After a quick lunch in the Lido we were out again, exploring along the waterfront beyond the cruise terminal for boats to the islands, and then to the gardens Jardines de Elduayen. Jose Elduayen e Gorriti (1823-1898) was an engineer and politician. He was Minister of State, Government, Foreign Affairs and Treasury and the monument has four female figures which symbolise these four Ministerial positions. The monument was cast in Barcelona and the anchors and chains in Vigo. One building on the edge of the park caught our eye - it had a colourful and unusual domed roof.
We walked across towards cafes and more trees and were suddenly in a much bigger and more interesting park with fountains and formal gardens. Our map marked it as Praza de Compostela.

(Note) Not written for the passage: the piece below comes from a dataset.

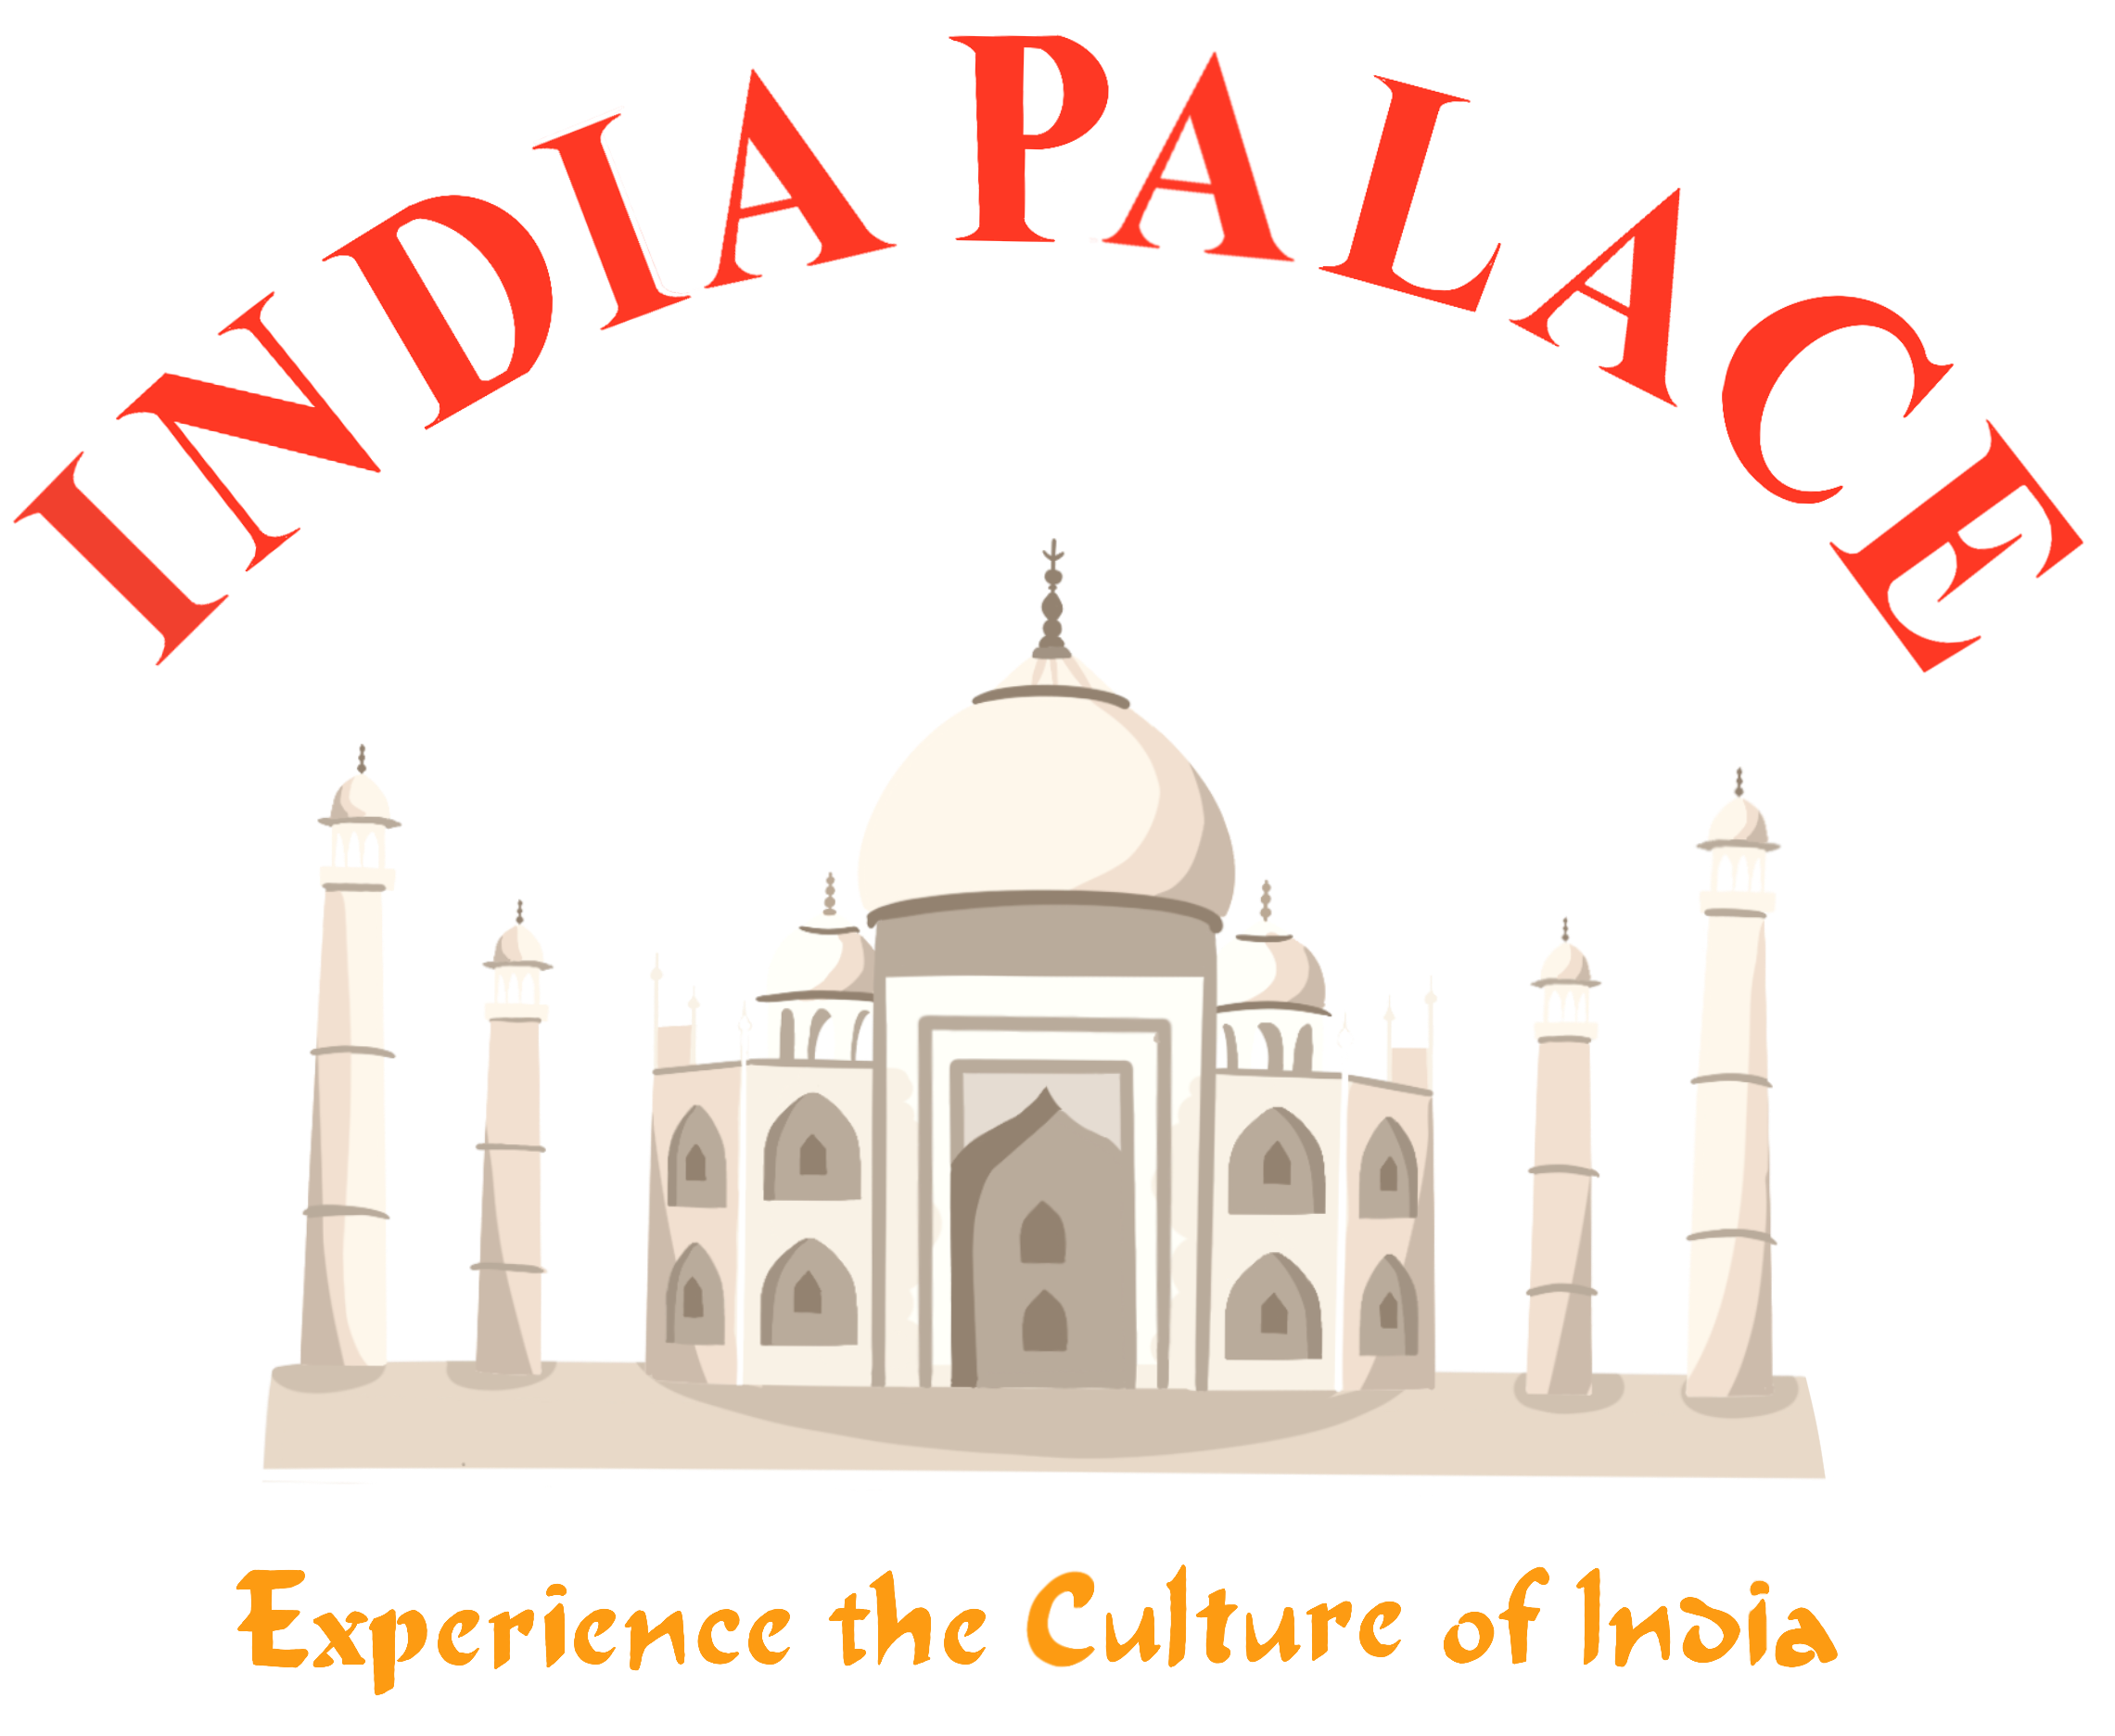 India Palace

Our next highlight was El Sireno, the statue on top of two tall granite blocks. The road, Policarpo Sanz Street, was broad with many solid significant and beautiful buildings - including the Theatre, the Arts and Crafts house, and lots of local, national and international banks.
The final day was full of opportunities many of which overlapped for us. The day started in the Gym as usual after which it was time to start packing. There was a demonstration of ice carving at 1100 - always great fun to watch the exhibits emerge from a huge block of ice. We had cocktails with the senior officers at 1130 and then it was on at 1300 to meet up with friends from the Queens grill in the Todd English Restaurant that they had not had time to try before. It was a good meal and I have included a couple of pictures of sweets which are one of the highlights. We spent a long time talking and left just as the singing started in the Grand Lobby - about a hundred of the passengers had spend 8 hours practicing as a choir and put on an impecible performance. This sort of performance used to only take place with carols near to Christmas and this was the first time we had seen it during a normal cruise. Unfortunately it overlapped with the exhibition of watercolour painting which Pauline wanted to go to as a friend had several on display.